What does he want to do with the prize money of 10,000 euros? He prefers to open a studio in Amsterdam with a shop in it. With his winnings, he is in any case assured of a spot on the Fashion Week program next year.
martan
That the threesome martan (Diek Pothoven, Douwe de Boer and Eugenie Haitsma Mulier) in hotel Amrath was no coincidence. Pothoven lives around the corner and was fascinated by the expressionist Amsterdam School style of the Scheepvaarthuis in which the hotel is located. The collection was made from discarded damask tablecloths and Egyptian cotton sheets from the hotel. As soon as there is a hole in it, it has to go, but everything around the holes turned out to be perfectly usable. Martan showed men’s and women’s clothing with draped rope constructions characteristic of Martan. Under the direction of Char Li Chung of Toneelgroep Oostpool, a collective of models and actors staged a wordless play while the groups of guests were led criss-cross through the building, so that everyone besides the performance could also take a good look at each other.
Boijmans
The most spectacular location of the fashion week was not in Amsterdam, but in that other metropolis: Rotterdam. For the debut of the brand Francon the press was invited to the depot of the Boijmans Van Beuningen museum. To protect the art, all of the guests’ frivolous, fashionable outfits had to be covered with long, white coats, after which a brief peek could be made in huge wooden boxes that hold couture dresses from Viktor & Rolf.

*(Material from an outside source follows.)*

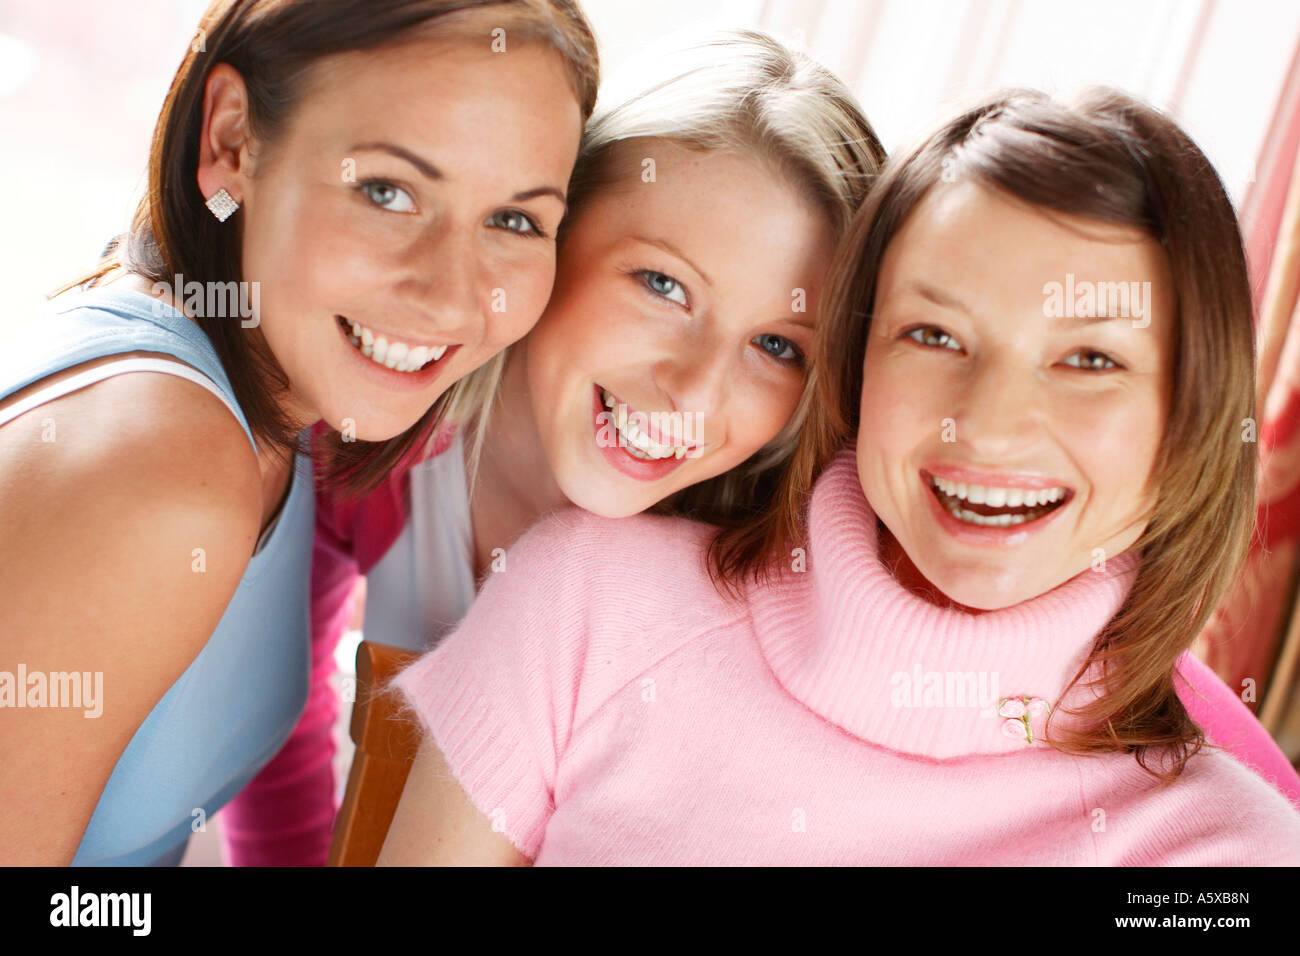 Portrait of 3 girls laughing Stock Photo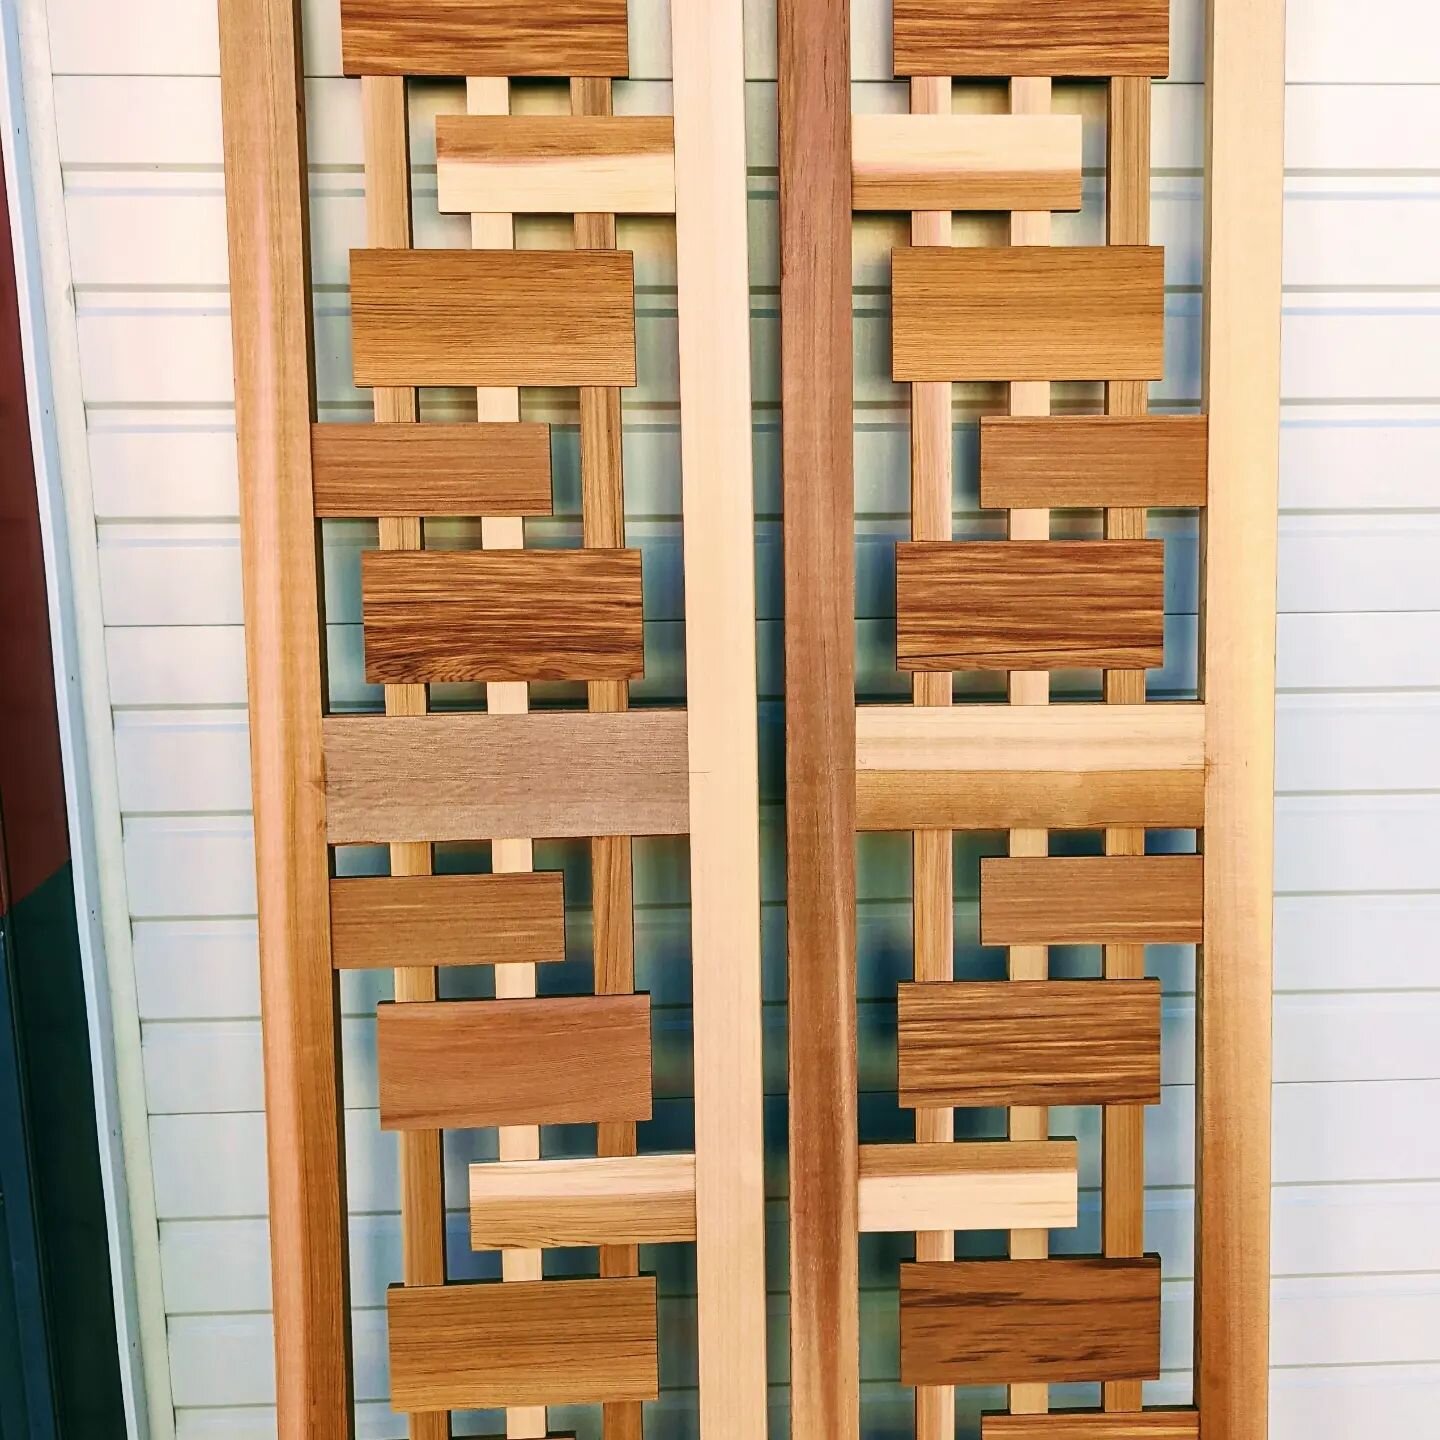 A custom order from a client wanting to use our Jigsaw Gate design for an interior  application  in their MCM house. Our designs translate easily into screens and room dividers as well!

Francon’s show took place in the 40-foot-high atrium on the zigzag stairs, dubbed “the floating Harry Potter stairs” by museum staff. A fitting place, because the Rotterdam Francon, consisting of creative director May Kaan and architect Kees Kaan, draws inspiration from architecture and designs collections not based on seasons, but on locations. Many wearable pieces passed by on the catwalk, such as the suit, the tailored suit and the ordinary jeans.
cup of coffee
Not only clothing was celebrated this fashion week, make-up was also allowed to be there. Hannah Bennett, senior makeup artist for makeup brand Mac, created a different look for each presentation. At the show at the Boijmans, Bennett took ‘evening in the art gallery’ as the theme. For example, she imagined someone putting on make-up in a hurry after work. So she opted for a look with dark red lips and black eyeshadow, applied and smeared with the fingers.